4. K Nearest Neighbors Classifier

arrow_back Back to Experiments

4. K Nearest Neighbors Classifier

Aim

    To understand and implement the K-Nearest Neighbors (KNN) algorithm for classification and regression tasks, and to analyze how the choice of ‘k’ value and distance metrics (such as Euclidean or Manhattan distance) affect the model’s accuracy and performance..

Understand the K-Nearest Neighbors (KNN) Algorithm Before You Begin

Overview: The K-Nearest Neighbors (KNN) algorithm is a simple yet powerful supervised learning technique used for both classification and regression tasks. It works by finding the k closest data points (neighbors) to a new input and predicting its label based on the majority class (for classification) or average value (for regression) of those neighbors.

KNN relies on a distance metric—such as Euclidean, Manhattan, or Minkowski distance—to measure how close data points are to each other. It’s a non-parametric algorithm, meaning it makes no assumptions about the underlying data distribution, which makes it easy to implement and interpret.

Further Understanding: K-Nearest Neighbors (KNN)

Algorithm

  1. Load the Dataset: Load the Iris dataset using load_iris.
  2. Binarize the Target: Extract "sepal length" and "sepal width" as the feature set X, and the target labels as y.
  3. Select Features and Labels: Split the dataset into training and testing sets..
  4. Split the Dataset: Split the dataset into training and testing sets using train_test_split, ensuring class distribution is maintained with stratify=y.
  5. Create a Pipeline Create a pipeline with StandardScaler for feature scaling and KNeighborsClassifier for the KNN model.
  6. Initialize Plot: Create a figure with two subplots to visualize the KNN decision boundaries with different weight strategies.
  7. Iterate Over Weight Strategies: For each subplot, set the KNN weight strategy (uniform or distance) and fit the model to the training data.
  8. Visualize Decision Boundaries: Plot the decision boundary

About Iris Dataset

The data sets consists of 3 different types of irises’ (Setosa, Versicolour, and Virginica) petal and sepal length, stored in a 150x4 numpy.ndarray.

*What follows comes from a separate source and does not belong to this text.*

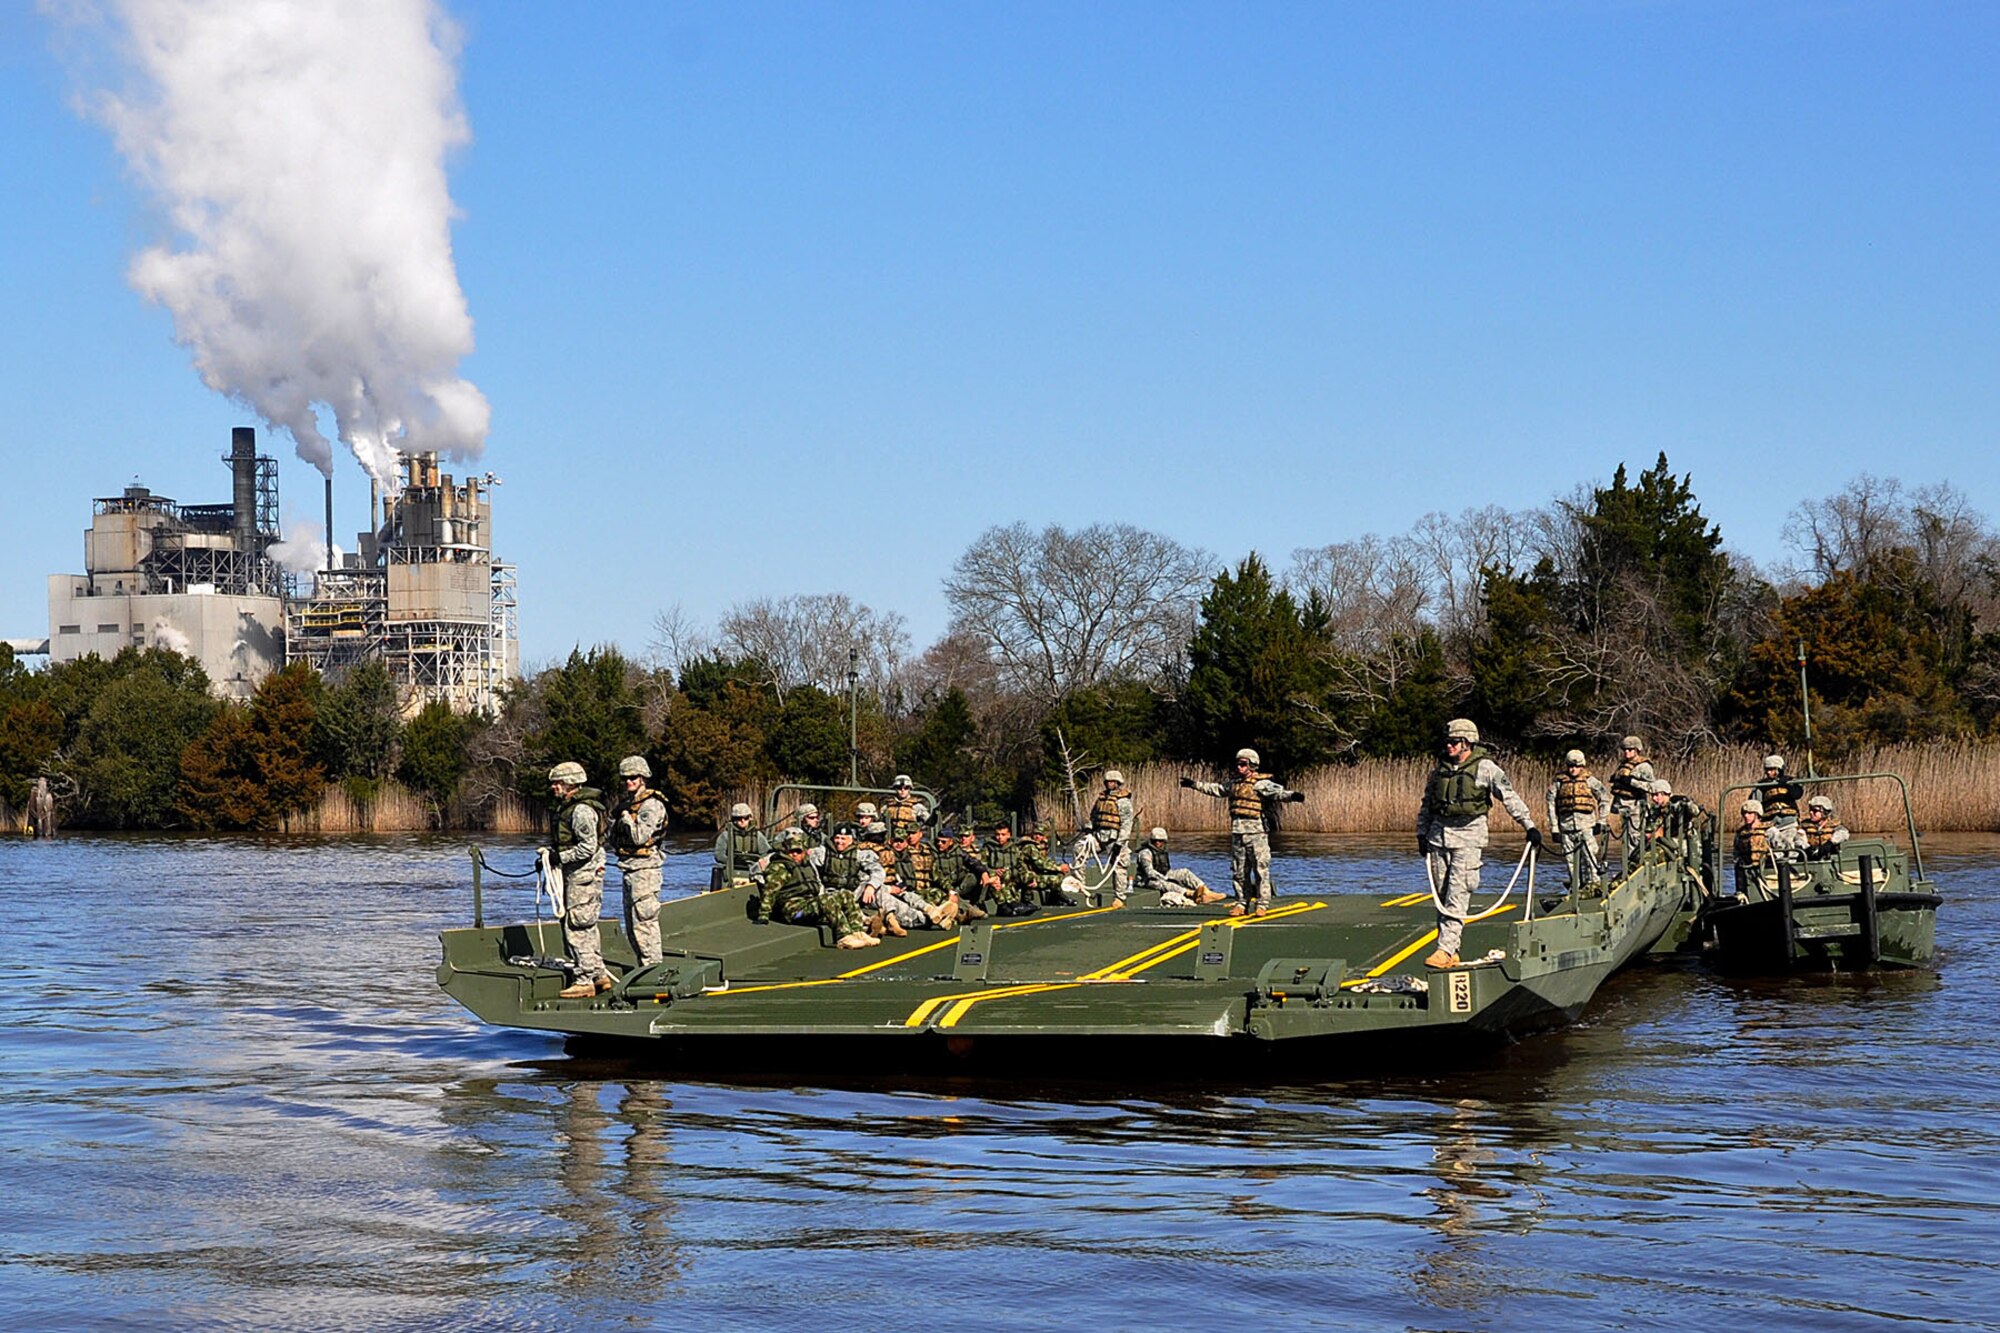 U.S. Army Engineers with the South Carolina Army National Guard’s 125th Multi-Role Bridge Company (MRBC) conduct simulated ferry operations March 7, 2015 during Vigilant Guard 15. This exercise is designed to simulate a joint emergency response following the impact of a category four hurricane.  Hundreds of Georgia National Guardsmen are participating in Vigilant Guard 15 along with more than 2,000 Guardsmen from North and South Carolina during 3 to12 March. Vigilant Guard is a series of federally-funded disaster-response drills conducted by National Guard units working with federal, state and local emergency management agencies and first responders. (U.S. Army National Guard photo by Capt. William Carraway/Released)

The rows being the samples and the columns being: Sepal Length, Sepal Width, Petal Length and Petal Width.

Iris Dataset Information

Number of Instances 150 (50 in each of three classes)
Number of Attributes 4 numeric, predictive attributes and the class
Attribute Information
  • Sepal length in cm
  • Sepal width in cm
  • Petal length in cm
  • Petal width in cm
Classes 3 (Iris-Setosa, Iris-Versicolour, Iris-Virginica)

Simulation

Interactive Visualization of KNN Classification on Iris Dataset.

Pre-Lab Questions

  1. How does the choice of 'k' (the number of neighbors) affect the performance of the KNN classifier?
  2. Why is it important to standardize features before applying KNN?

Post-Lab Questions

  1. How does varying the value of 'k' influence the accuracy of your KNN model? If you were to repeat the experiment, would you opt for a different 'k' value?
  2. Develop a program that compares the performance of a KNN model with and without feature scaling. Present the accuracy results side by side and discuss the impact of feature scaling on the model's performance.

Result

The K-Nearest Neighbors classifier was successfully implemented and visualized on the Iris dataset using both uniform and distance-based weighting. The decision boundary plots clearly illustrated how different weight strategies influence classification regions and accuracy.